3.3. Statistical Significance and Spatial Uncertainty
The intensity value at a grid cell calculated by KRE needs to be evaluated for its statistical significance. This was done through a Monte Carlo process. Specifically, we let the computer randomly select births with defects from all births, not being restricted by the number of births with defects in each town. Similar processes for generating H0 scenarios have been widely used, and a recent example is . The result of this selection was a simulated random distribution of births with defects, and was used to run the KRE analysis and generate a new raster layer of intensity. We ran this simulation 99 times to generate 99 raster layers of random distribution of intensity. Each cell value in Figure 2(a) was then compared with the 99 simulated values at the same cell. Its rank in the 100 values was considered as its p-value. For example, if a cell value in Figure 2(a) is the second highest among the 100 values at the same cell, it can be considered that the probability for such a high value to occur at this location is not greater than 0.02; in other words, its p = 0.02. The output from this analysis is a map of p-value (Figure 2(b)).
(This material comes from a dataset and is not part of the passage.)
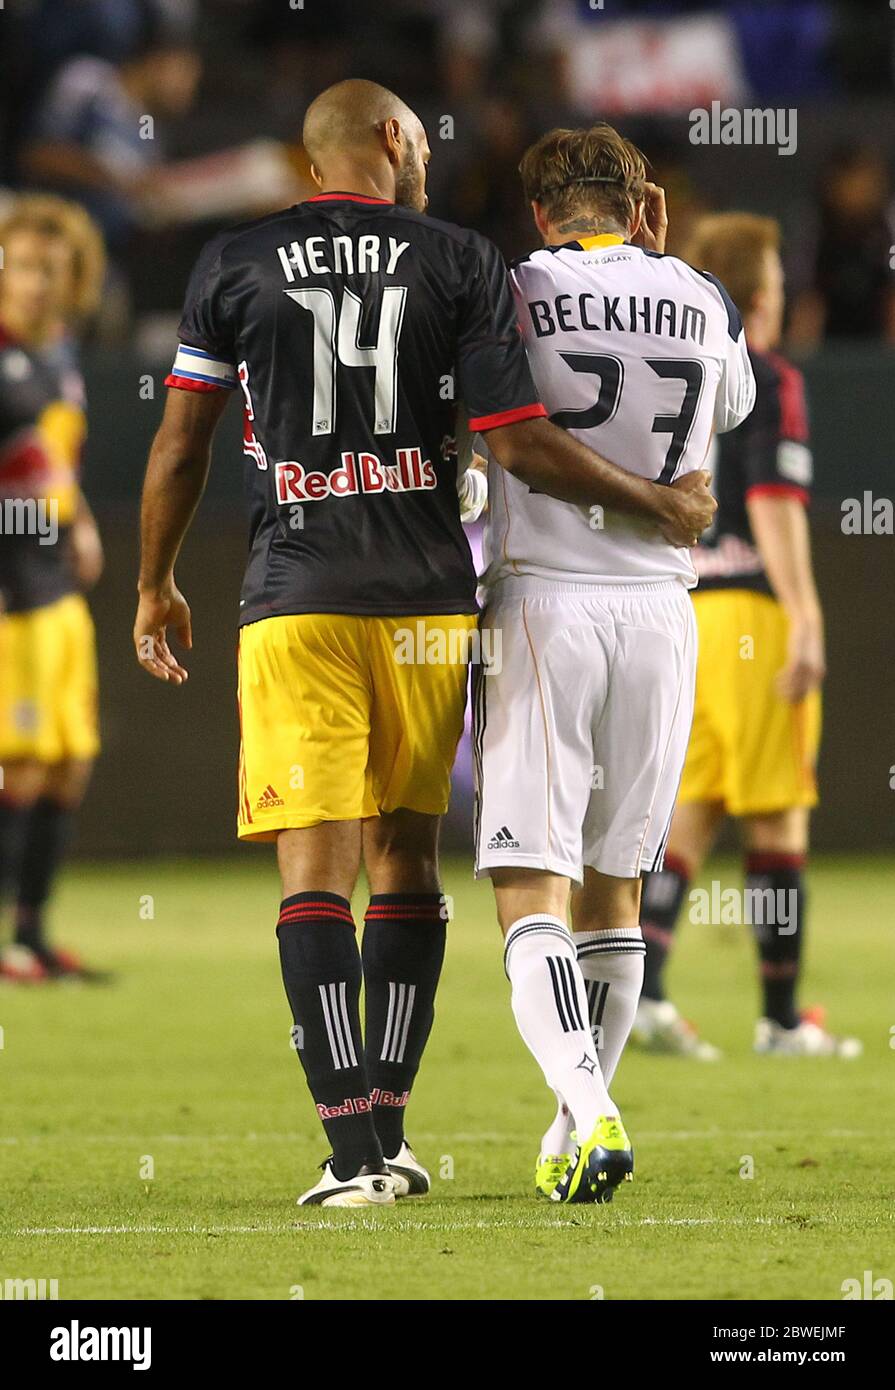 David Beckham in Aktion für Los Angeles Galaxy gegen New York Red Bulls im MLS Play Off Spiel in Carson, Kalifornien. David und Thiery Henry kamen während des Spiels nah an und David trug auch seine neuen adidas Fußballschuhe. Stockfoto
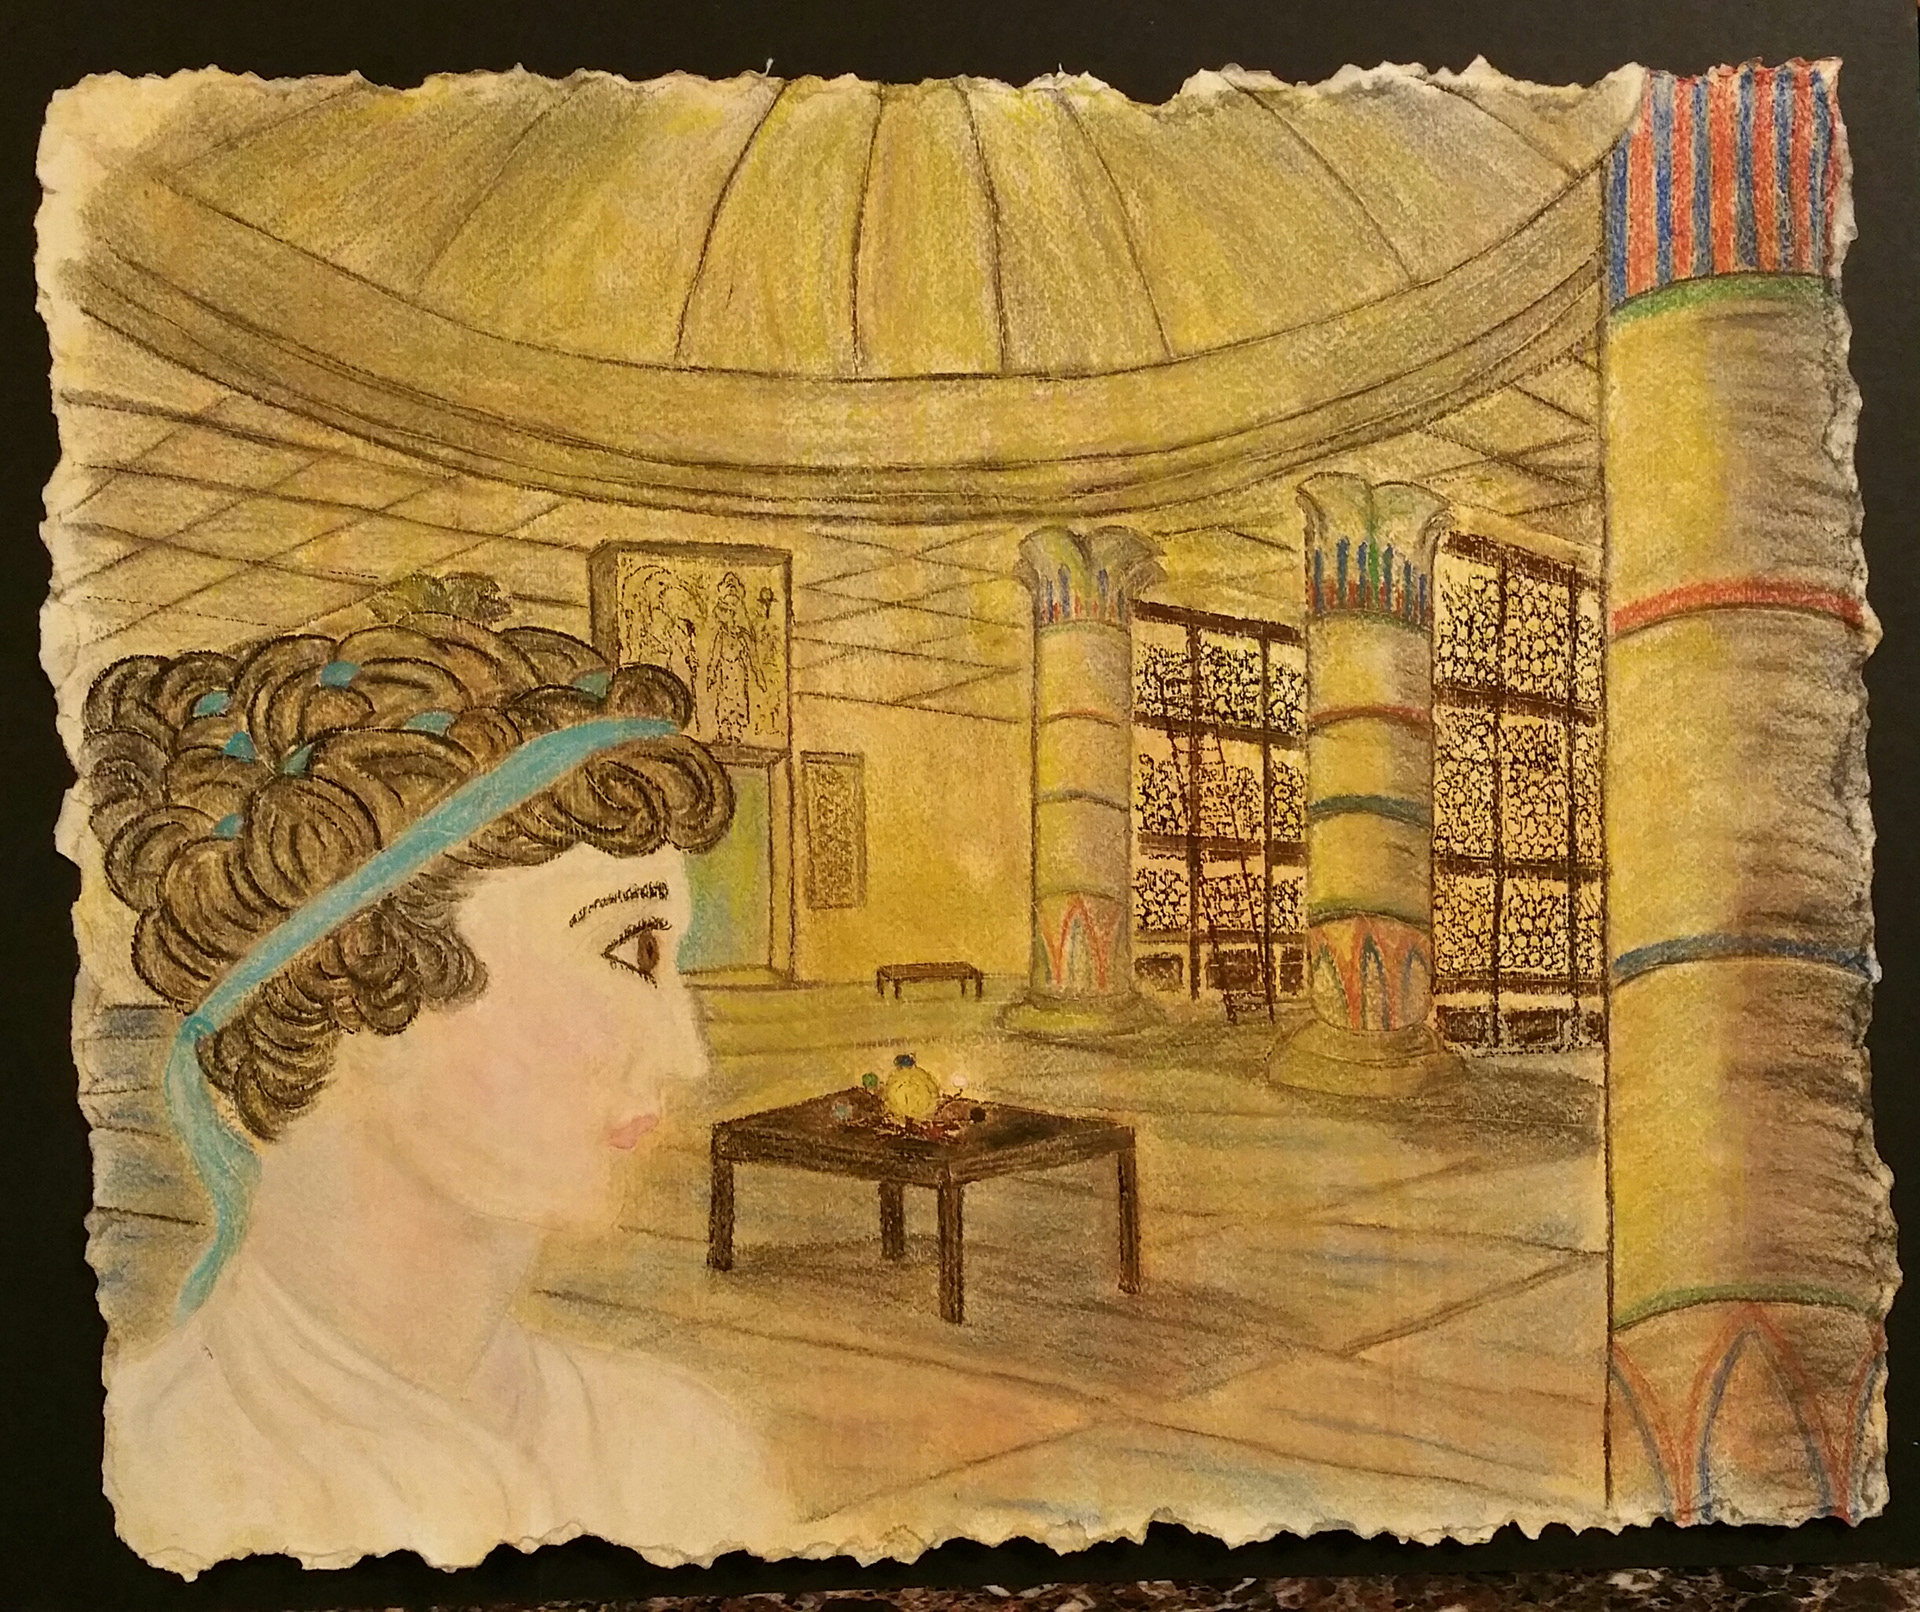 Описать рисунок в библиотеке александрии история

We are aware that 99 is a relatively small number of simulations to define the p-value(s). The estimated p-value will be more accurate with more simulations. The current small number of iterations is solely a result of the limited computing capacity of the desktop PC the program currently runs on. We are working on migration of the program to a high-performance computing platform.
The uncertainty sourced from aggregation can be quantified by measuring the variance in the results from different disaggregation iterations. We ran the disaggregation process 50 times and generated 50 sets of locations of births in NH. Each of the 50 sets of locations were used to run the mapping process described above, and the whole process is illustrated in Figure 3.
The operations with the 50 sets of disaggregated locations generated 50 p-value maps like that in Figure 2(b). From the 50 p-value maps, we generated three maps as the final output of the entire mapping process, including a map of mean p value, a map of standard deviation of p-value, and a map of hot spots of birth defects in NH (Figure 4).
In the map of mean, the cell value is the simple average of the 50 p-values at that cell from the 50 p-value maps, and thus this map can be considered displaying the representative spatial distribution of the risk of birth defects estimated from the prevalence data; the smaller the mean p value, the more statistically significant the risk. In the map of standard deviation, the cell value is the standard deviation of the 50 p-values at that location, which can be considered as a representation of the uncertainty, caused by data aggregation, in the estimated risk value at that location, and thus this map shows the spatial distribution of the uncertainty sourced from data aggregation. The map of hot spots was generated by marking those grid cells whose intensity values are significantly high and the spatial uncertainties are sufficiently low. In this study, if a cell’s mean p-value plus two corresponding standard deviations is still smaller than 0.1 (i.e., α = 0.1), the cell was marked. Through this process, we identified a number of hot spots for birth defects in NH (Figure 4(c)). A more formal interpretation of a marked cell in the hot spot map is that the chance for a location to have such a high intensity of births with defects simply because of the number of births (weighted by age groups) in the location’s neighborhood is less than 10%, and the chance for a location to have such a significance of intensity simply because of the randomization in the disaggregation is beyond two standard deviations.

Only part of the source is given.